Biodiesel markets in Europe lit up today, with physical premiums in the ARA barge market climbing decisively. FAME 0 (F0) traded as high as $1,327/mt, RME reached $1,350/mt, and UCOME touched $1,391/mt—compressing the UCOME-to-F0 spread to just $64/mt. This tight range highlights either healthy availability of waste-based product or a pricing environment that no longer rewards higher GHG-saving fuels at the same premium. BOGO narrowed to +409, continuing its downward trend. In the background, rapeseed oil retains a solid €60/mt discount for August/September over soyoil, supported by favorable growing conditions across Europe, as confirmed by UFOP’s latest crop report.


In South America and Asia, spreads are adjusting to policy signals. Paranagua FOB soybean oil remains firm for July with bids at -120 under CBOT, while Aug/Sep values ease back to -330. But the most significant development is the steep decline in the BOPO (bean oil–palm oil) spread, which has broken below $100/mt—down from a peak near $200/mt just two weeks ago. This collapse isn’t driven by palm strength. Instead, it reflects a sharp correction in soyoil futures triggered by delays in U.S. guidance on 45Z tax credits and the looming backlog of unresolved Small Refinery Exemptions. Traders are shedding length in soyoil amid policy paralysis, dragging BOPO down in the process.
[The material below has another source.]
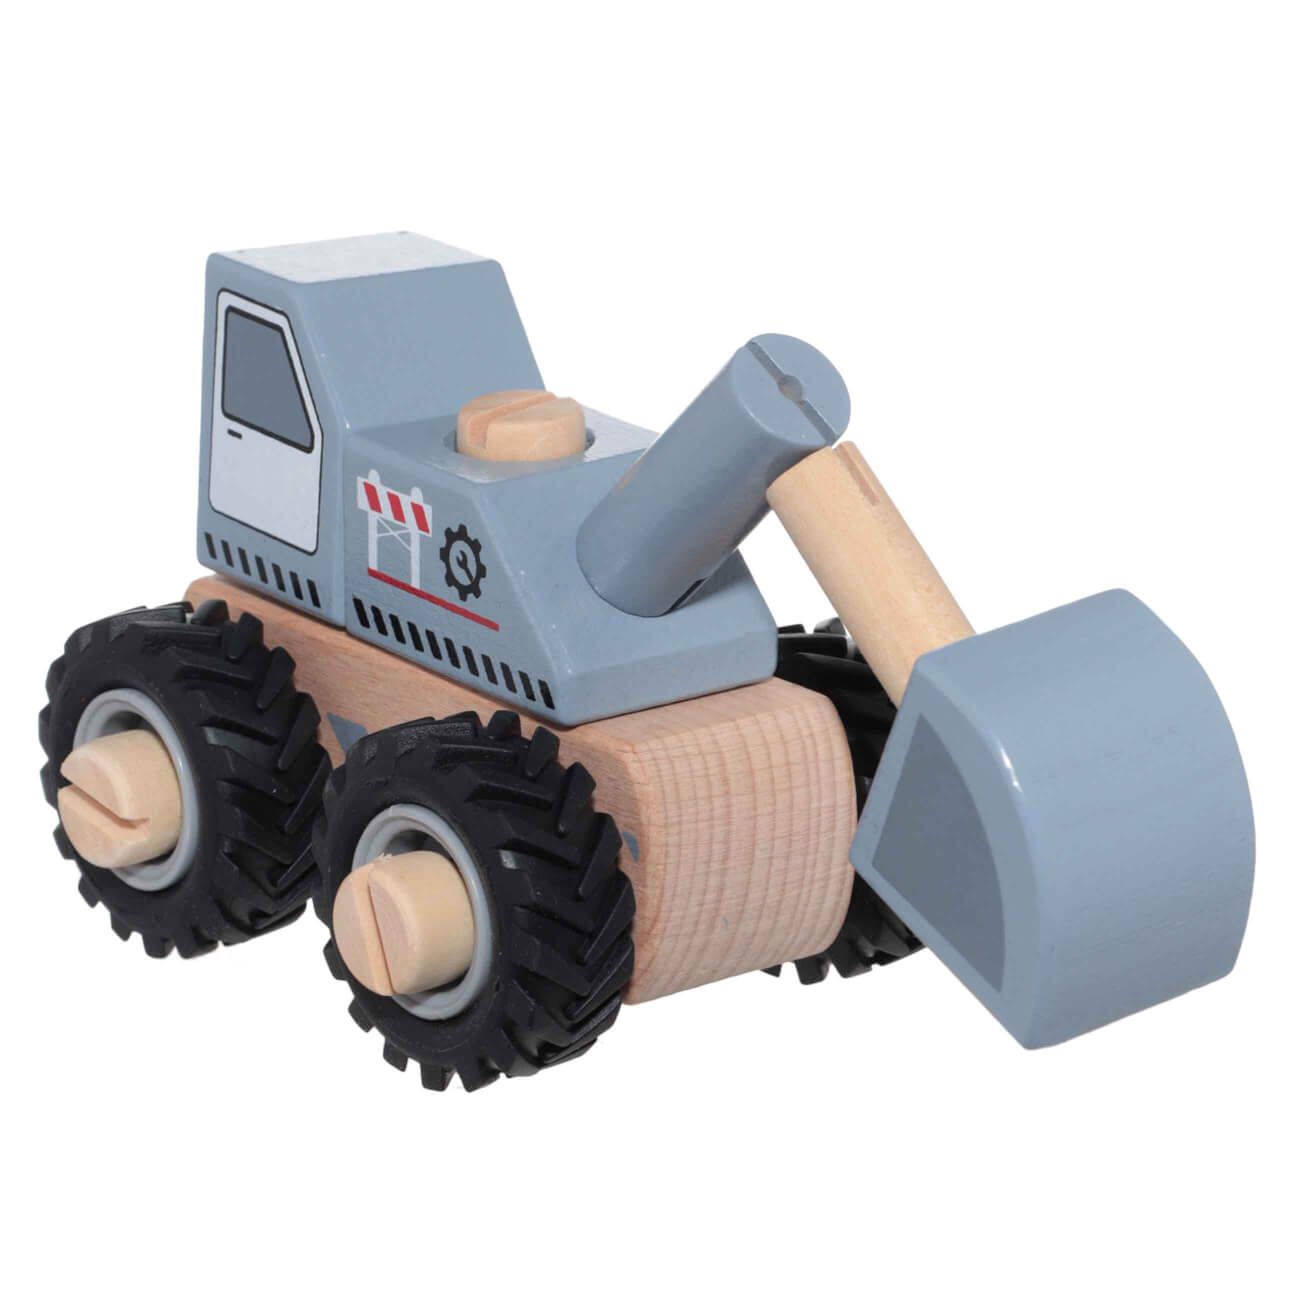 Игрушка, 18х11 см, дерево, серая, Трактор- конструктор, Kiddy развивающая игрушка полесье трактор арт 89403 8
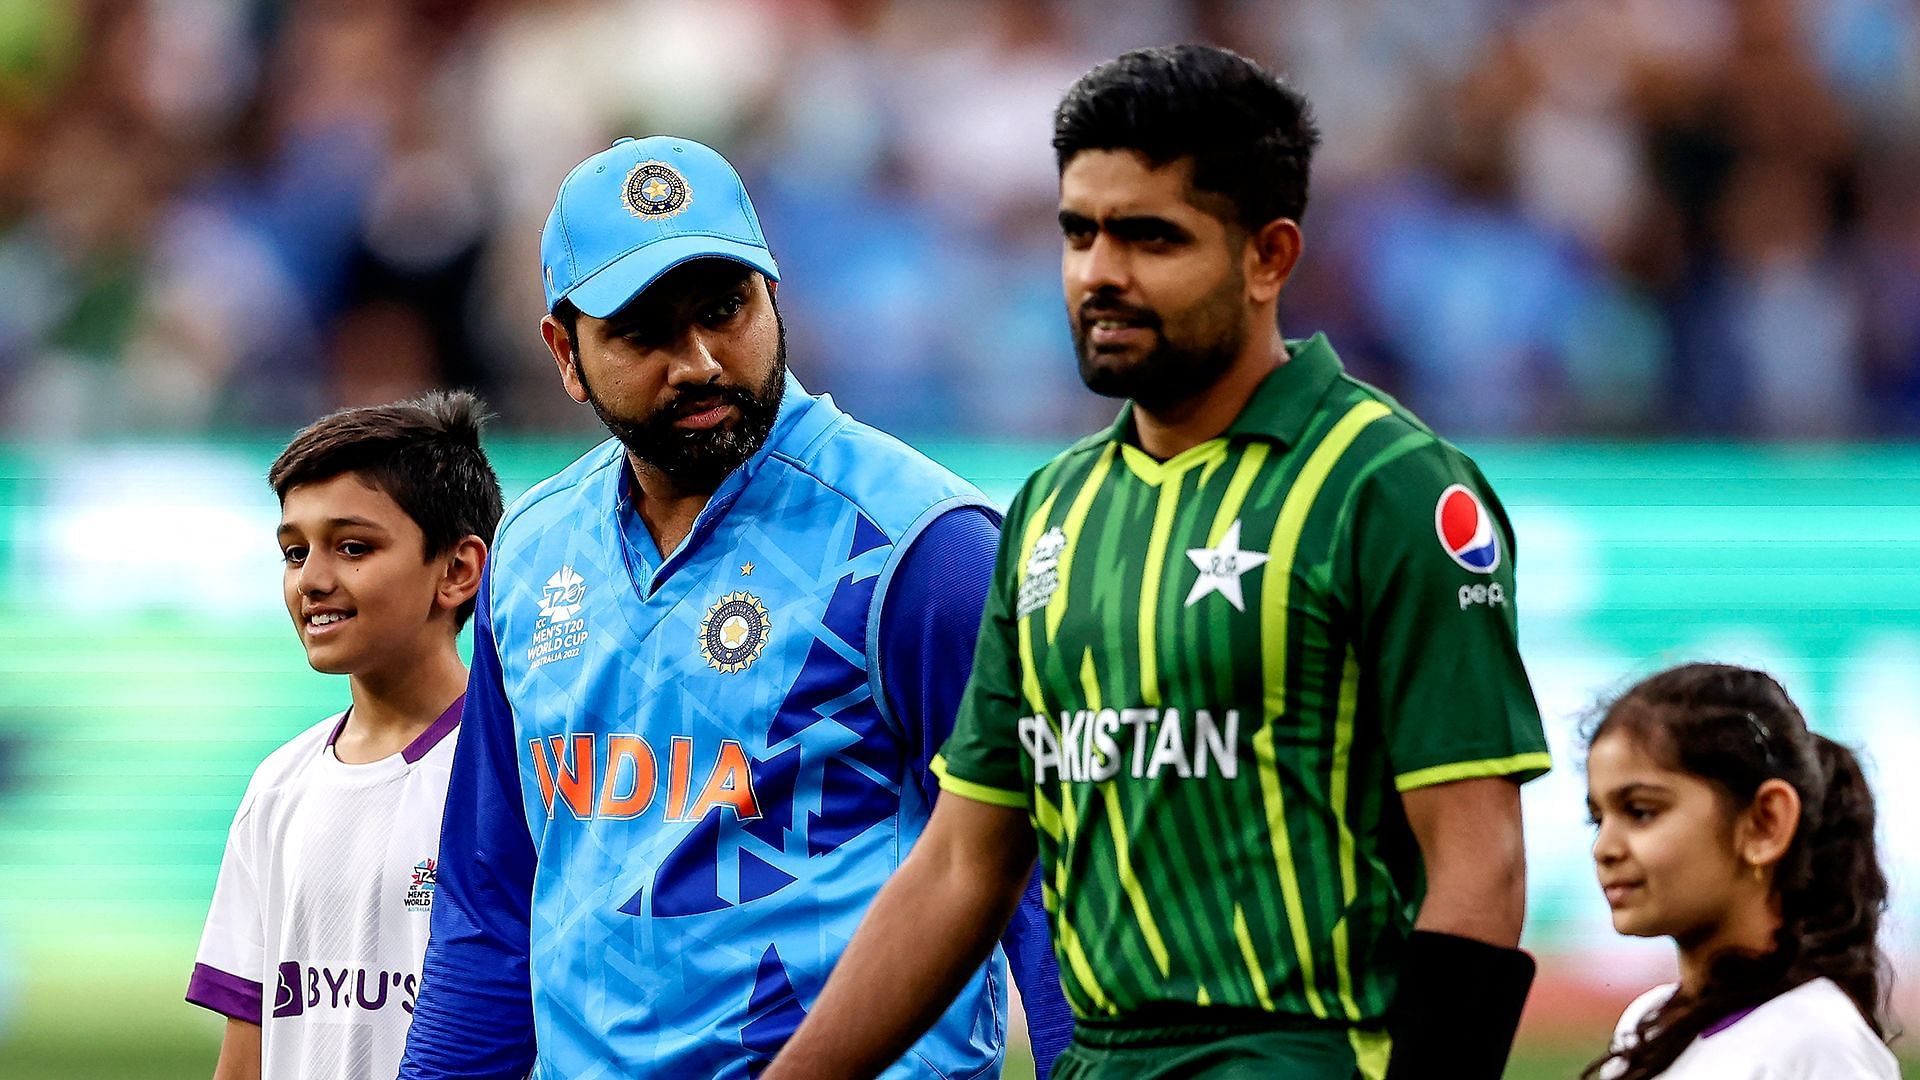 वनडे वर्ल्ड कप में भारत का रिकॉर्ड पाक के खिलाफ शानदार रहा है (Photo Courtesy : ICC)

The BOPO spread has undergone a historic collapse from record highs in 2022 to negative territory in early 2025, before recently recovering near $100/mt. The latest retracement is driven not by palm strength but by U.S. soyoil weakness amid delays in 45Z guidance and unresolved SRE decisions.
The BOPO spread has undergone a historic collapse from record highs in 2022 to negative territory in early 2025, before recently recovering near $100/mt. The latest retracement is driven not by palm strength but by U.S. soyoil weakness amid delays in 45Z guidance and unresolved SRE decisions.

In the U.S., biofuels policy is once again clouded by mixed messaging and political noise. While the Senate returned from recess on June 2, progress on the renewable fuels package has stalled, with lawmakers now expected to send a revised draft back to the House. But the bigger disruption may be rhetorical: former Congressman Lee Zeldin, now actively advising energy policy circles, has praised Alaska’s RFS exemption as a model for success. Coming from a prominent voice close to EPA decision-makers, this framing undermines the consistency of federal RFS support and risks emboldening new regional pushbacks. The message to investors and obligated parties is muddled, just as confidence is already strained by inaction on SREs and 45Z.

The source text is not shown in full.